Return the line that has "Lifestyle 9434A Upholstered Bed - Queen" and all lines below it through the last, exactly as they stand; omit pictures.

====== Supplied information ======

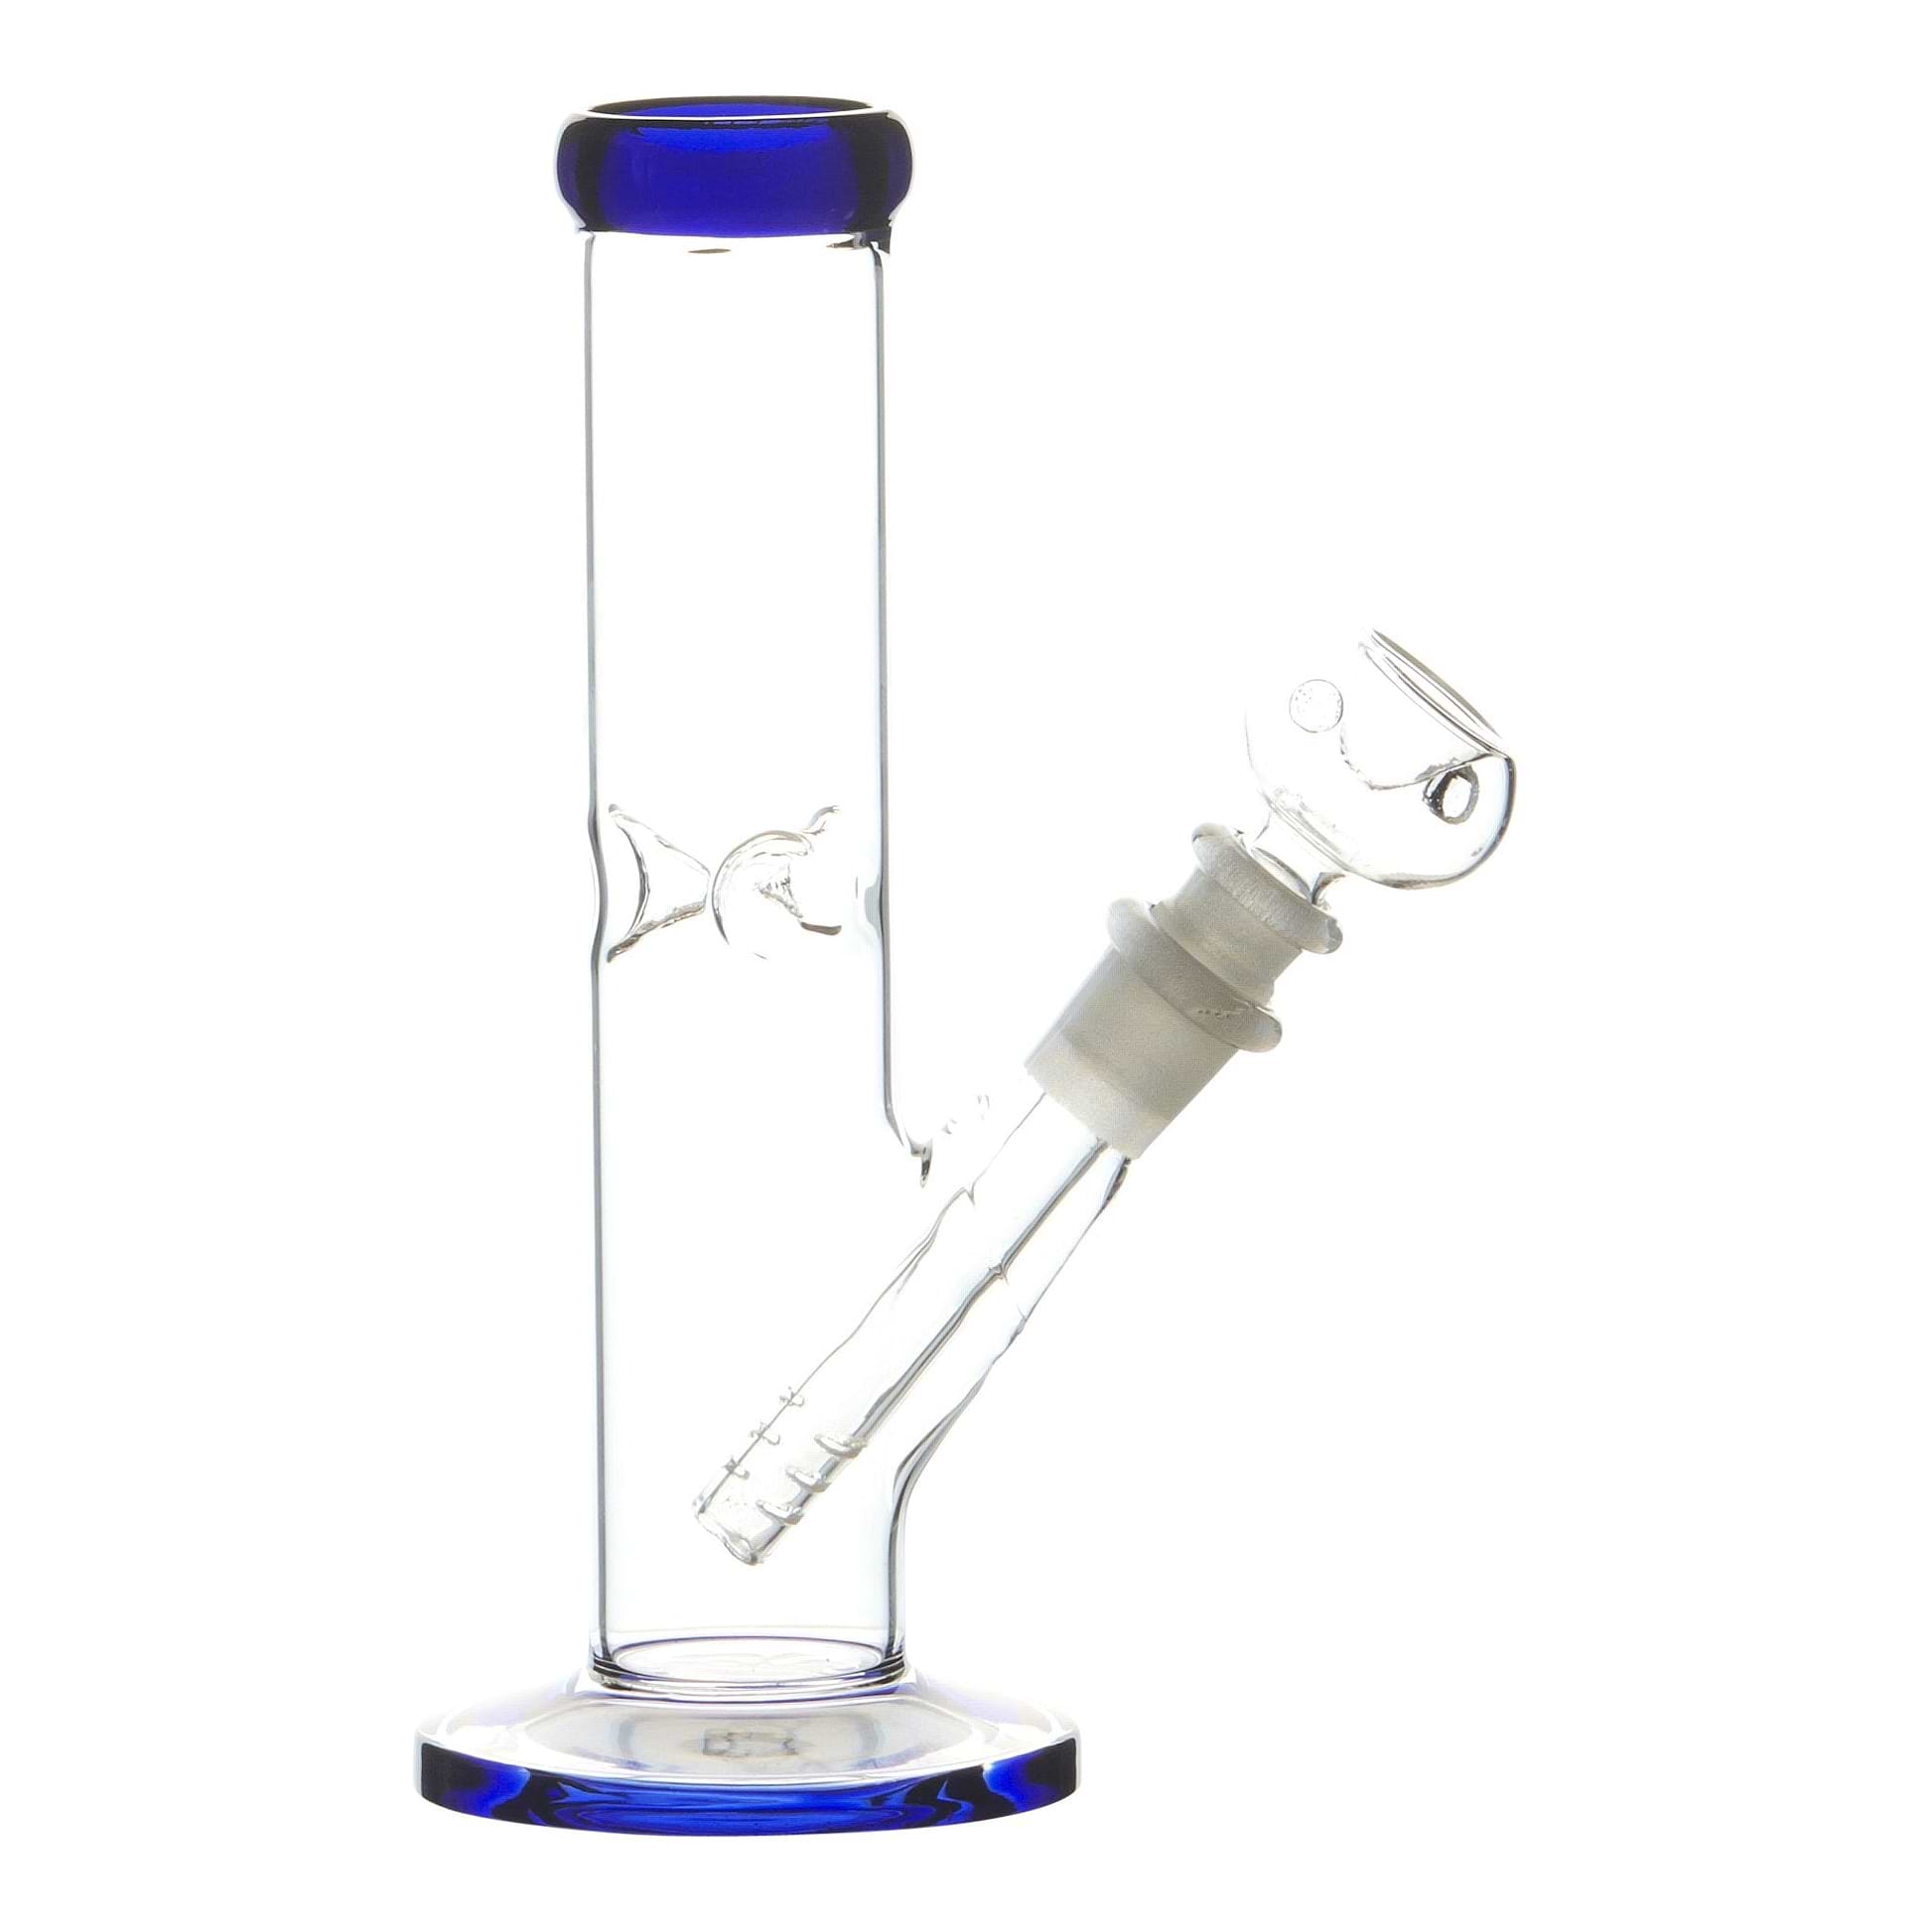 Blue 8-inch straight up glass bong smoking device with ice catcher splashguard easy-to-use design sleek straight classic look
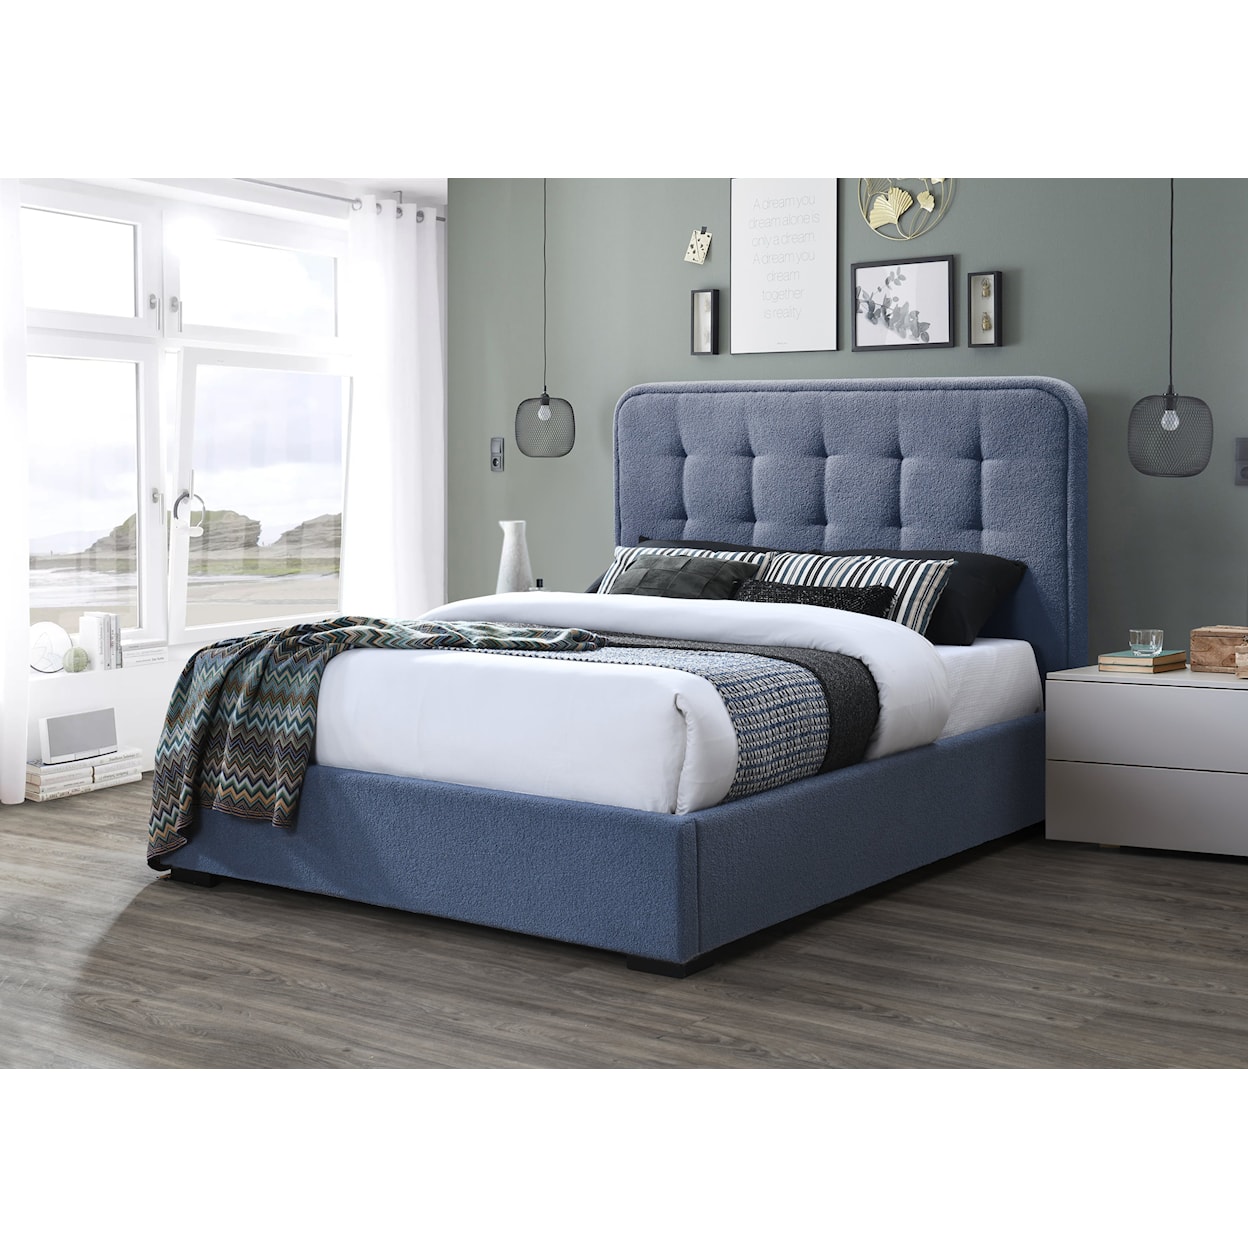 Lifestyle 9434A Upholstered Bed - Queen
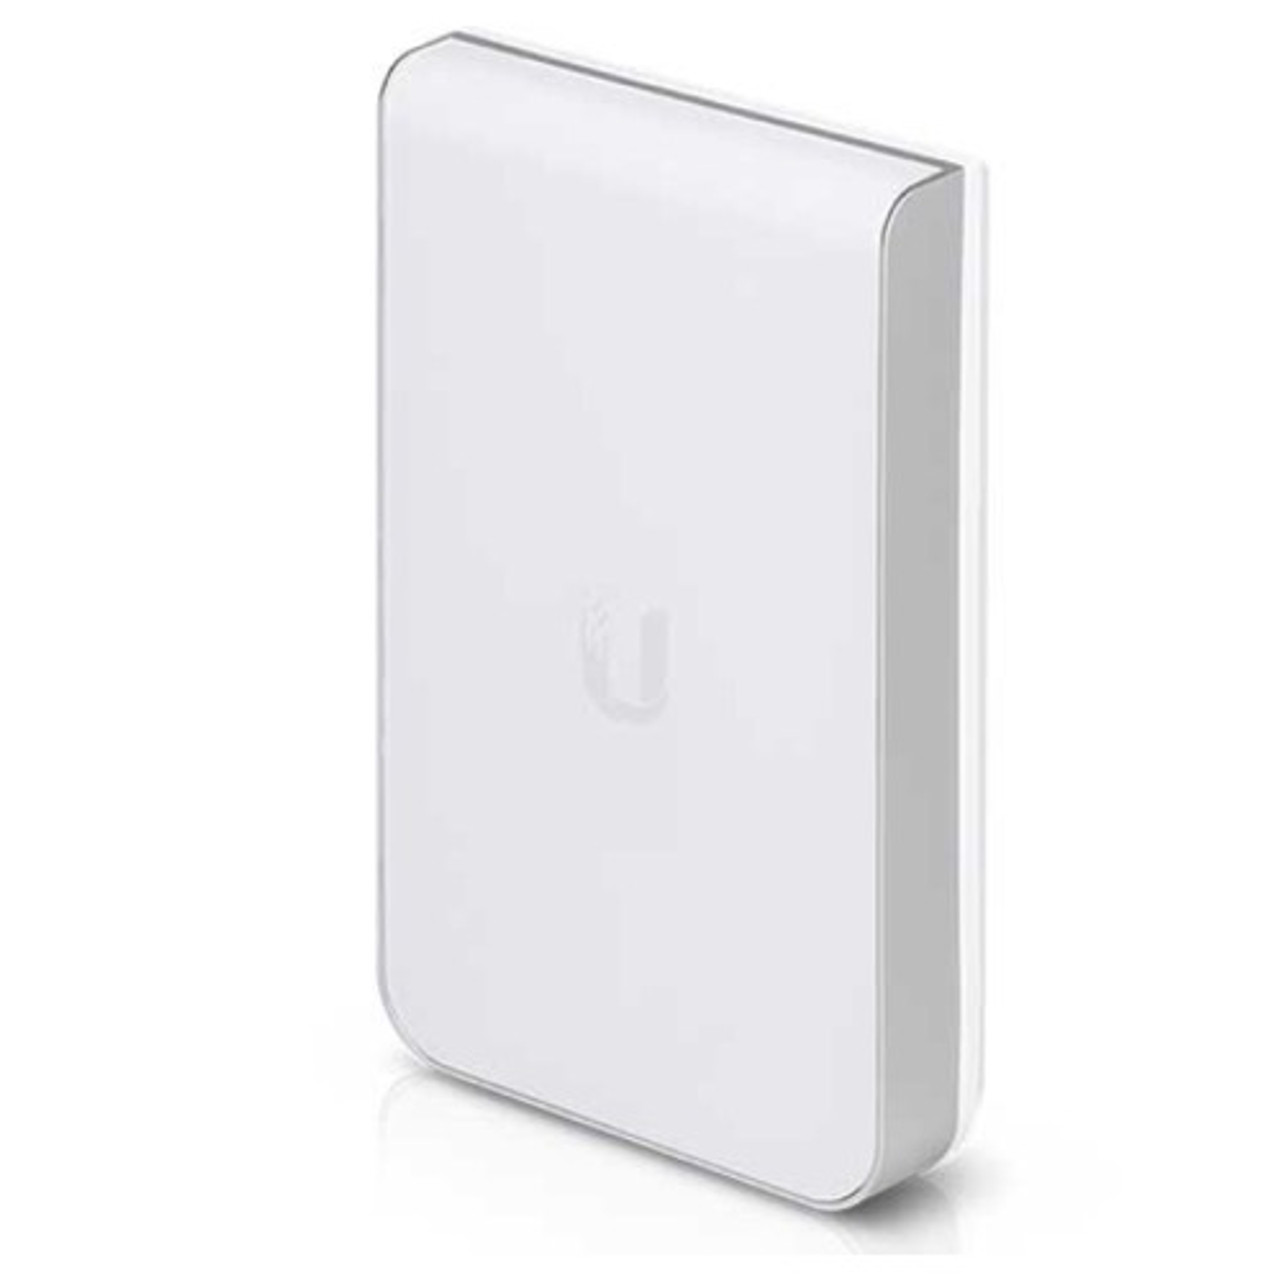 UniFi AC In-Wall Pro Access Point, UAP-AC-IW-PRO-US

======

Reply to the exercise =>
 Lifestyle 9434A Upholstered Bed - Queen
 UniFi AC In-Wall Pro Access Point, UAP-AC-IW-PRO-US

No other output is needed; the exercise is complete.